My wife, Carolyn, and I live on 15 wooded acres in Underhill, and when we added chimney for a wood stove in 1999, I decided I should get a chainsaw and cut my own firewood. I had seen a chainsaw in use and it didn’t seem too complicated, so I got a relatively cheap Poulan saw from our local home store and started cutting up blowdowns on our land. I didn’t have chainsaw chaps, a face shield, or hearing protection, and didn’t know what the brake on my chainsaw was or how to use it.

I also didn’t know how to sharpen my chain. I’d seen very complicated looking jigs for sharpening a chain, but they looked difficult and time consuming to use.

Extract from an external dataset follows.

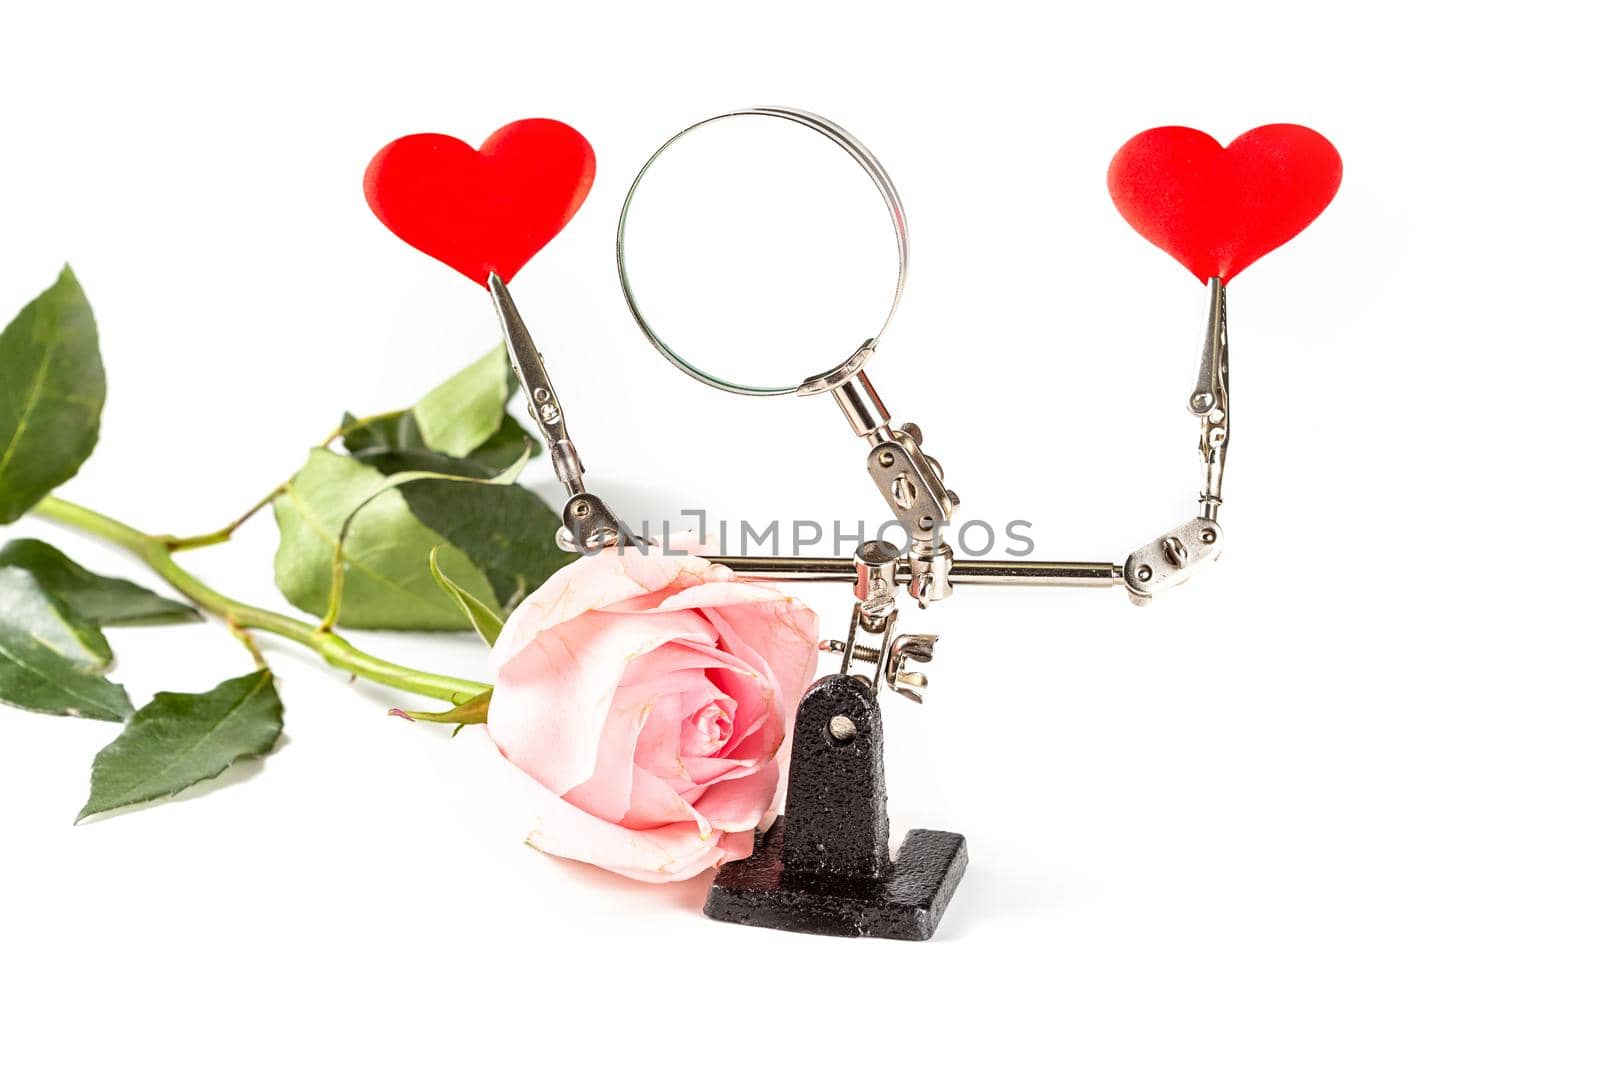 .Valentines Day background with tool third hand holding hearts and rose on white by galinasharapova
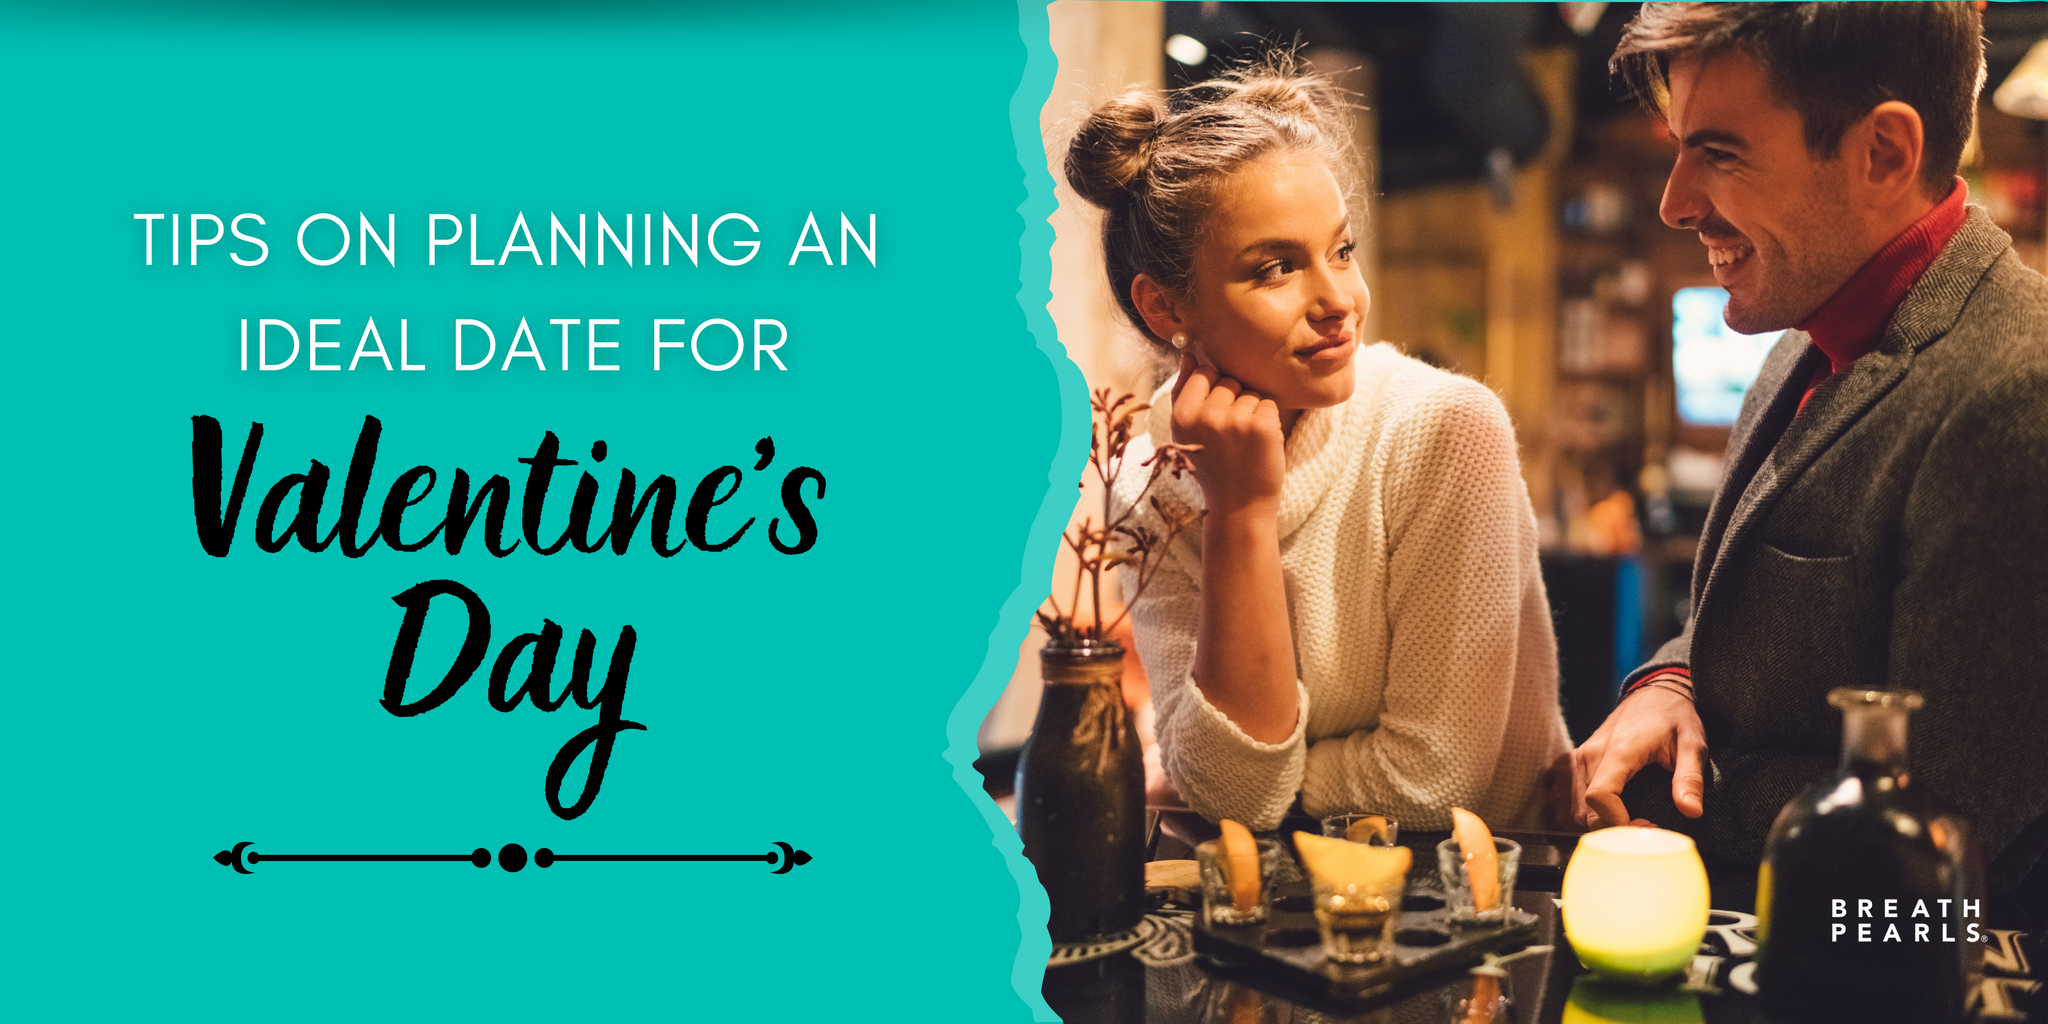 Tips for Planning an Ideal Valentine’s Day Date

I brought my chains back to our home store for sharpening. But that was costly and took a while, so I didn’t do it often enough. And because I waited until a chain was very dull, they had to remove a lot of metal from each tooth to get them back to sharp, which meant the chain didn’t last very long. After I had cut for a while with a once-sharp chain and had probably gotten the running blade into the dirt a few times (which can dull them instantly!), the saw was cutting very slowly and poorly and pulling to one side as it cut. It turns out that the difference between a sharp chain and a dull one can be obvious not only to the saw operator, but also to someone listening to it. My neighbor, who’d been using a chainsaw for at least 30 years and lives several hundred feet away through the woods, wandered over as I was struggling to get the saw through a large log. “Cutting some firewood?” he asked. “Yes,” I replied. “When did you last sharpen your chain?” he asked. “I haven’t,” I replied. “Yep, I could tell,” he said. He then showed me how to use a simple round file with a very simple metal guide to quickly sharpen a chain. I now touch up the chain with a few strokes of the file on each tooth every time I fill the saw with gas.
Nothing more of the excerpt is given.